Exercise requirements: Below are some records; output exactly the lines from the line with "MyDesign24 T-Shirt Kinder" to the line with "使用PSD to SVG增加便利", both ends kept, and nothing more.

(Collected data)
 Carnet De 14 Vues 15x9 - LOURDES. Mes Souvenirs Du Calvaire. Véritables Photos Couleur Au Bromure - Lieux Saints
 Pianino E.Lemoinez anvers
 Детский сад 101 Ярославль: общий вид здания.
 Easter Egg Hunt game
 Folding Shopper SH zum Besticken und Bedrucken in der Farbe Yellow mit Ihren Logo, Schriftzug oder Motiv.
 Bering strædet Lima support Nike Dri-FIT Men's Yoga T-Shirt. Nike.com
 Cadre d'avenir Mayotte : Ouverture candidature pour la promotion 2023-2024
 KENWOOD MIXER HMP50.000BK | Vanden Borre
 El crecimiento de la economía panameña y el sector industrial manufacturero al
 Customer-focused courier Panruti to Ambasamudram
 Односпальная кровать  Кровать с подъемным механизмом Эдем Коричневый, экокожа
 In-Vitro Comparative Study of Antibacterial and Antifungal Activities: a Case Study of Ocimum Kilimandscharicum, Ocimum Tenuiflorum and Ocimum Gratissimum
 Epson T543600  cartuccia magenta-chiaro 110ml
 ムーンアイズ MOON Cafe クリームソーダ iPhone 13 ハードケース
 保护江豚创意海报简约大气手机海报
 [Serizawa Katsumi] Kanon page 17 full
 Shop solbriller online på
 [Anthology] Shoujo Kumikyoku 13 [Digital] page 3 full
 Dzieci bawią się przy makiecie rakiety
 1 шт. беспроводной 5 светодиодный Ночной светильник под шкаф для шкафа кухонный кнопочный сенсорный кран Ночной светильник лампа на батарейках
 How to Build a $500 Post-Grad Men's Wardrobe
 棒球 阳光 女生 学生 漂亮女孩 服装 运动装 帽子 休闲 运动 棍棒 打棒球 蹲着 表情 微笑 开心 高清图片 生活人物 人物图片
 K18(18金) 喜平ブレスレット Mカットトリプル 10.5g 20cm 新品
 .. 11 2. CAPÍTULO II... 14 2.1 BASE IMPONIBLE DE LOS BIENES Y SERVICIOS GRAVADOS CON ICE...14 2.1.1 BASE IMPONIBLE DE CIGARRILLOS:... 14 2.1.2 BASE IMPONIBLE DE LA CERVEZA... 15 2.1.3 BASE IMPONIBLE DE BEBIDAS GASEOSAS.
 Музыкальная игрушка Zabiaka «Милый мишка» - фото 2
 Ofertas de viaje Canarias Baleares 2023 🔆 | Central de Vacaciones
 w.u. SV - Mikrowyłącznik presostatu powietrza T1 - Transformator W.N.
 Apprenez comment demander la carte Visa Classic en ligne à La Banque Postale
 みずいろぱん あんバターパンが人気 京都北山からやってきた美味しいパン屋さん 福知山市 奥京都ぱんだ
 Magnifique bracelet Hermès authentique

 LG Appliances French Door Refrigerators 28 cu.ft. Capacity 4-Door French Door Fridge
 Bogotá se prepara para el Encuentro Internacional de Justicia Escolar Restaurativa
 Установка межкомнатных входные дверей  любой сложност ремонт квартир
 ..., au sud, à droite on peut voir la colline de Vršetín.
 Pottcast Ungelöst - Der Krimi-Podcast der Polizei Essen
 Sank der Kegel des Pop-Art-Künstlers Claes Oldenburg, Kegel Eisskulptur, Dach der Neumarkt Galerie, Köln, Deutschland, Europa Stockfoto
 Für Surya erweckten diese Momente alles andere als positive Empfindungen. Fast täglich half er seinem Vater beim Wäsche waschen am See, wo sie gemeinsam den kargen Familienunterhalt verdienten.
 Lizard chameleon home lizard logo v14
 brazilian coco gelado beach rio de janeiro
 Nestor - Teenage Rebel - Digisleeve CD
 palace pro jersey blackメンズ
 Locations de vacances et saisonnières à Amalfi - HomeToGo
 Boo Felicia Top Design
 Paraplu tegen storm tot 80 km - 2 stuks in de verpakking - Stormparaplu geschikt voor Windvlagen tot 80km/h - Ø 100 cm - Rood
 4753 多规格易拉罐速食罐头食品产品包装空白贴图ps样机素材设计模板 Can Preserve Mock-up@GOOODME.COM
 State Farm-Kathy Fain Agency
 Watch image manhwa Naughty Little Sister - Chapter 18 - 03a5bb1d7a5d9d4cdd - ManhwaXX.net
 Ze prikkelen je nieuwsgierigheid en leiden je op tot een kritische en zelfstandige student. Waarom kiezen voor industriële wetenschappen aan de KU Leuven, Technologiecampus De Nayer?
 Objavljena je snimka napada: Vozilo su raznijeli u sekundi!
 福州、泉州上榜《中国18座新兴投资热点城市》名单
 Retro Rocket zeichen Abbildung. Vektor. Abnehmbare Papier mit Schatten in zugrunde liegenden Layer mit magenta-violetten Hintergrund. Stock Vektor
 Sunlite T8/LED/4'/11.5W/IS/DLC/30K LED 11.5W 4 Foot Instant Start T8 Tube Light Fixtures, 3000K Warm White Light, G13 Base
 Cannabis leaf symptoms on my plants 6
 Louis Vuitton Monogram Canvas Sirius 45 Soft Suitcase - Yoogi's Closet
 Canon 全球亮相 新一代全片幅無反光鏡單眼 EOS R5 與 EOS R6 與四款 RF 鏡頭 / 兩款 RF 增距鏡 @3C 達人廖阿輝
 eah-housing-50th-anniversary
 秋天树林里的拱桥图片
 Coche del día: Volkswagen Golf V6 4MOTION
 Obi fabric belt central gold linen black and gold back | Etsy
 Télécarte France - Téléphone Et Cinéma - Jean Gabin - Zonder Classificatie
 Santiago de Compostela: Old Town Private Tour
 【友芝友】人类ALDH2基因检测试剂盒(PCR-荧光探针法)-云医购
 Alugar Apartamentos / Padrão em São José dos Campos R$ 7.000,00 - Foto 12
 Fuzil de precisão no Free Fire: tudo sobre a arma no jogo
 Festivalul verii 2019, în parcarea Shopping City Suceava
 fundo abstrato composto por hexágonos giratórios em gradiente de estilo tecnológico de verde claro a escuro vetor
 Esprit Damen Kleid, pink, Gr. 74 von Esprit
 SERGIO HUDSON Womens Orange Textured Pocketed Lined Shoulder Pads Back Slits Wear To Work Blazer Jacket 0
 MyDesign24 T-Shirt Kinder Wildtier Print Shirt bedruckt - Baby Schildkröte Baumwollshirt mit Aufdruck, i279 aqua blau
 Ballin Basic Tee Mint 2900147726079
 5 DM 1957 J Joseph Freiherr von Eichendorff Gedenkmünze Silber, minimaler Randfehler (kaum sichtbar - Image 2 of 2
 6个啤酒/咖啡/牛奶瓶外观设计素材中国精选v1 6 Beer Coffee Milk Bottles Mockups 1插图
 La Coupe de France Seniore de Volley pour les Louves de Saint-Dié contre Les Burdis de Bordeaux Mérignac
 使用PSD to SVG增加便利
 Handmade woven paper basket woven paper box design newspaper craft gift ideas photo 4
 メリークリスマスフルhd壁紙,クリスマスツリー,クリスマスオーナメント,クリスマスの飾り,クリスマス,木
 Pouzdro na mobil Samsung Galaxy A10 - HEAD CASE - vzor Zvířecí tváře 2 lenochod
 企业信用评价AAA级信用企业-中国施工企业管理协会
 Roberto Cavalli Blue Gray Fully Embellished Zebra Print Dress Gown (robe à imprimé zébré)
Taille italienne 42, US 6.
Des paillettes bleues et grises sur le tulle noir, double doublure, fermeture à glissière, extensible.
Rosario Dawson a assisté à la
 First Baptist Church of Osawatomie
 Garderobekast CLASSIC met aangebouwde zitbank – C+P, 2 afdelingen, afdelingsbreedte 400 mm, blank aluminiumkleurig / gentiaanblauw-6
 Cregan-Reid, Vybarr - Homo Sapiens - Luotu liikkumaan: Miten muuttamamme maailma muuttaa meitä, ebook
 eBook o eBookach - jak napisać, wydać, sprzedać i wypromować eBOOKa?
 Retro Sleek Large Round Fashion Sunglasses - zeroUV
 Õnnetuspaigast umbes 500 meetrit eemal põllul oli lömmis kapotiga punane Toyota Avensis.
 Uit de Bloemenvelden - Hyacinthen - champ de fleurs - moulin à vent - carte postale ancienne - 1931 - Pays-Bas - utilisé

Expected output:
 MyDesign24 T-Shirt Kinder Wildtier Print Shirt bedruckt - Baby Schildkröte Baumwollshirt mit Aufdruck, i279 aqua blau
 Ballin Basic Tee Mint 2900147726079
 5 DM 1957 J Joseph Freiherr von Eichendorff Gedenkmünze Silber, minimaler Randfehler (kaum sichtbar - Image 2 of 2
 6个啤酒/咖啡/牛奶瓶外观设计素材中国精选v1 6 Beer Coffee Milk Bottles Mockups 1插图
 La Coupe de France Seniore de Volley pour les Louves de Saint-Dié contre Les Burdis de Bordeaux Mérignac
 使用PSD to SVG增加便利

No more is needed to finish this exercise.